**Instructions to follow**
Begin at the line below that has "Discover Hidden Facebook". Stop after the line that has "Pics of Angel", repeating each line exactly and leaving out the pictures.

**Recorded information**
_ _ _ _

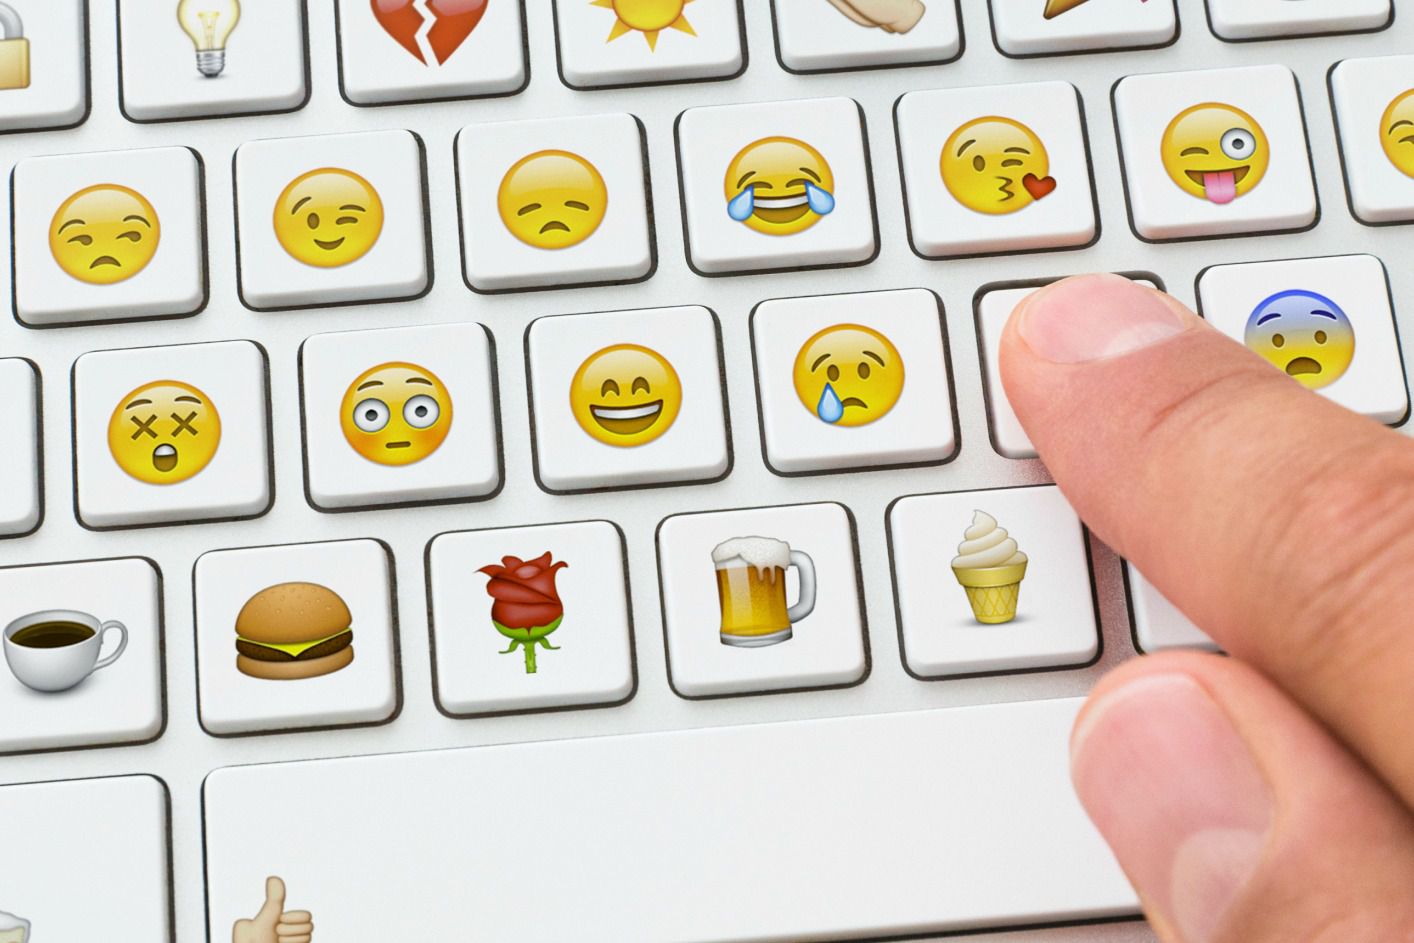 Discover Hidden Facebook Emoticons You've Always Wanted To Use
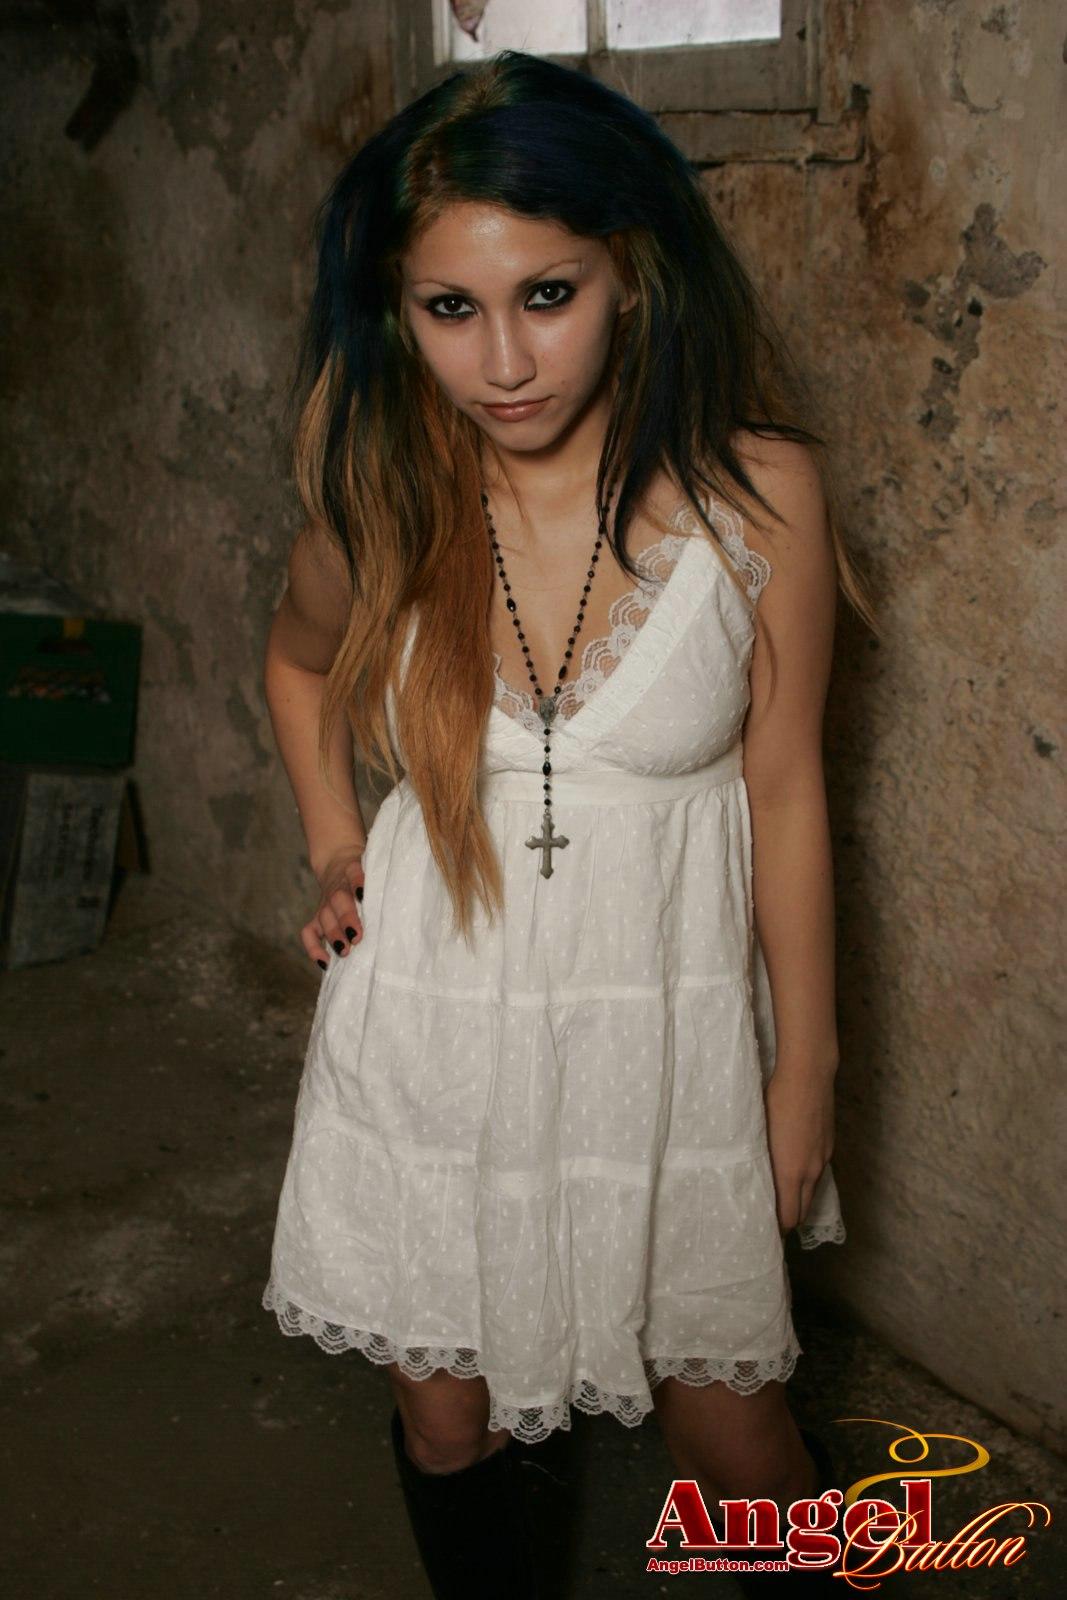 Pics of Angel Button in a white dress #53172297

_ _ _ _

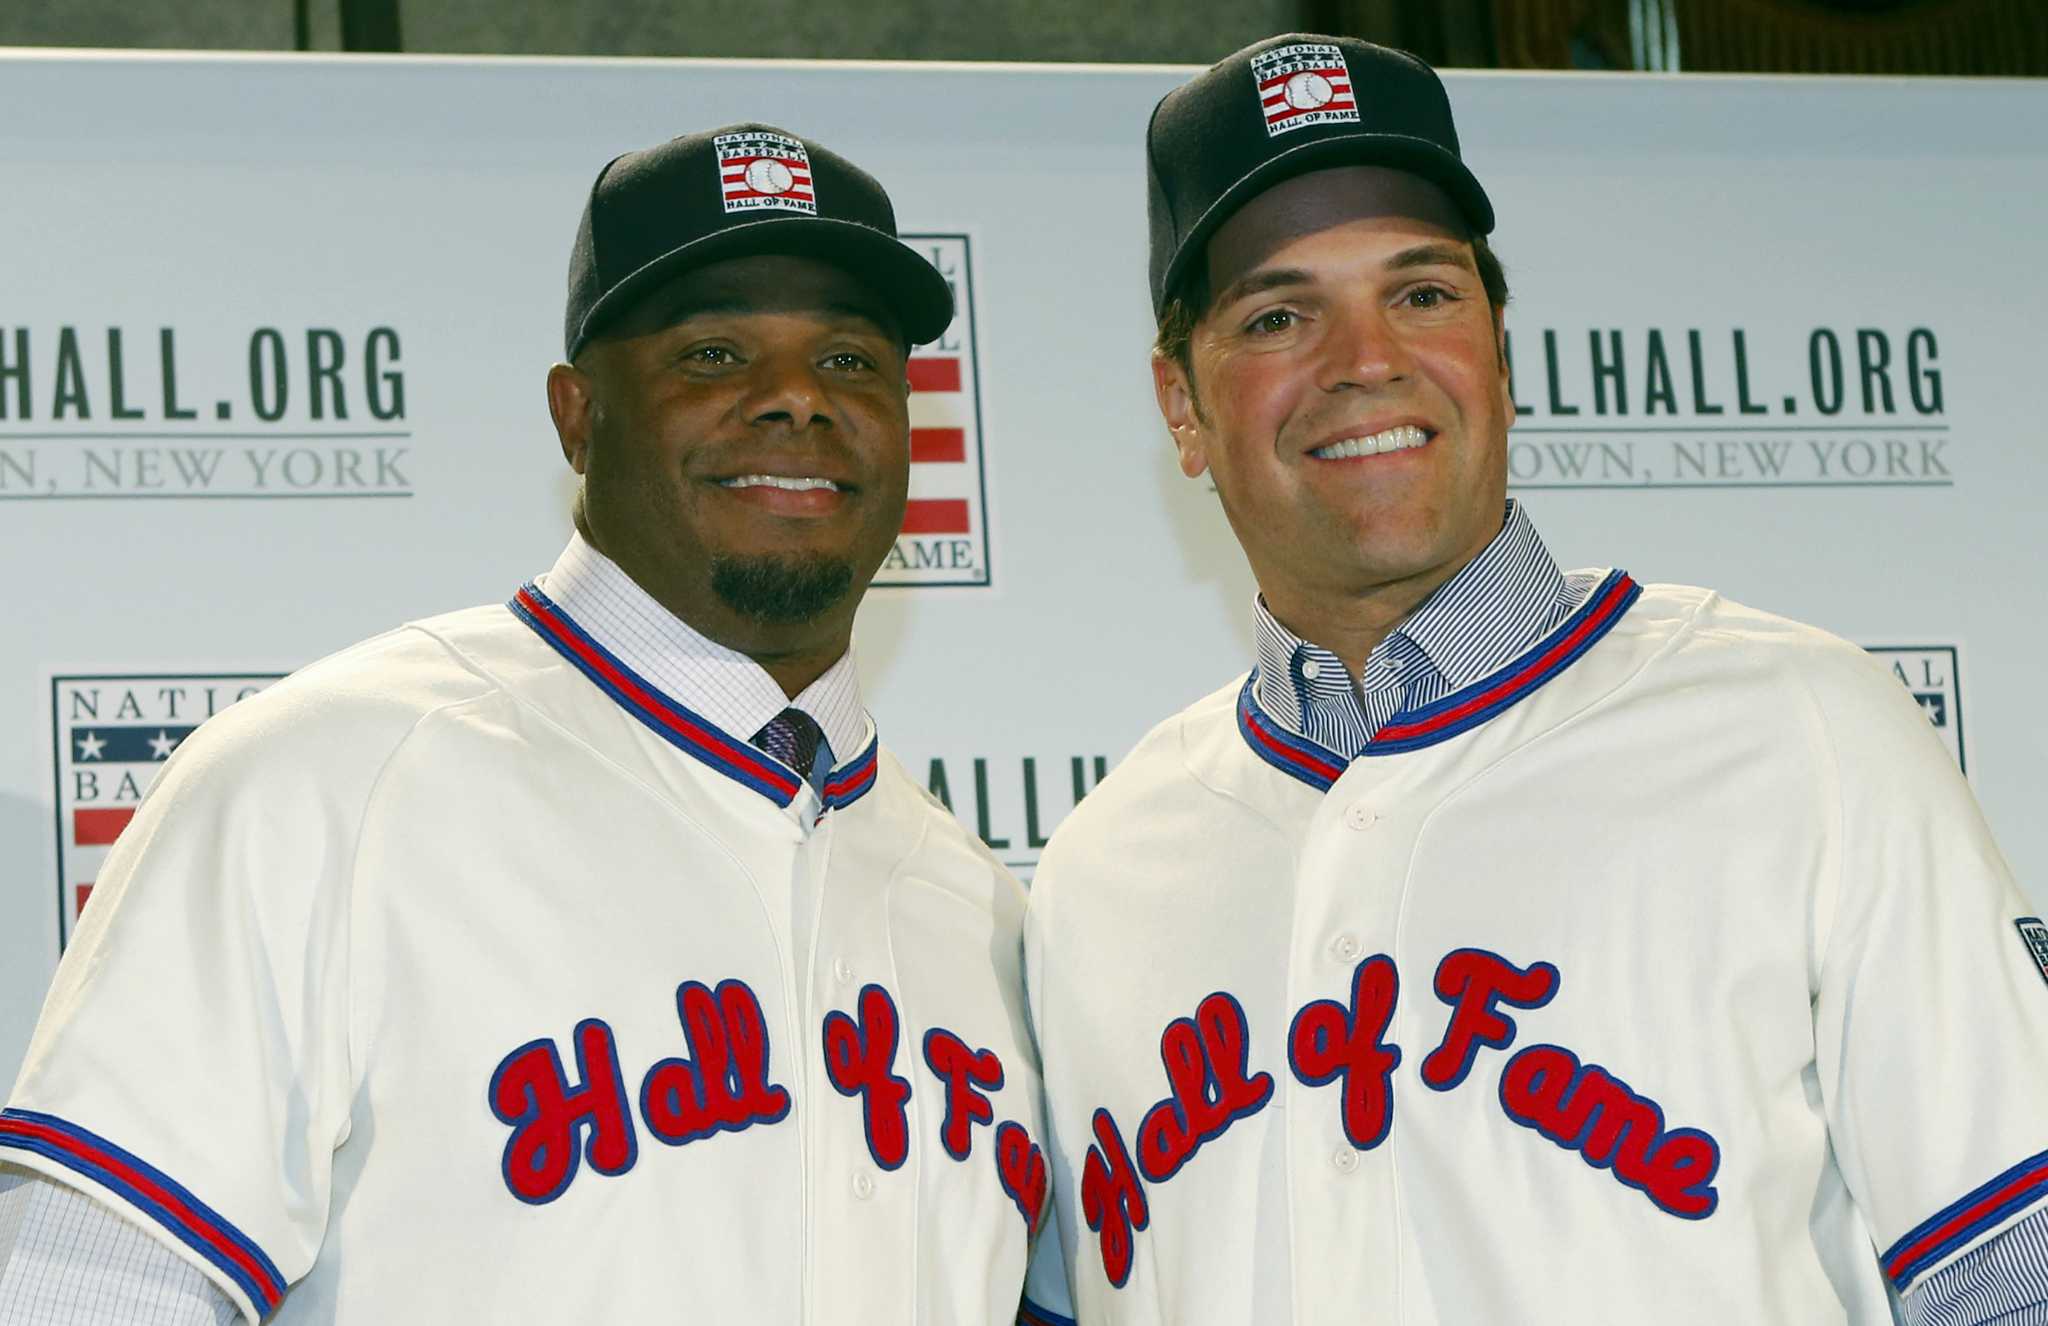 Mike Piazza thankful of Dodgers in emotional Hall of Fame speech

_ _ _ _

**Answer to this task**
 Discover Hidden Facebook Emoticons You've Always Wanted To Use
 Pics of Angel Button in a white dress #53172297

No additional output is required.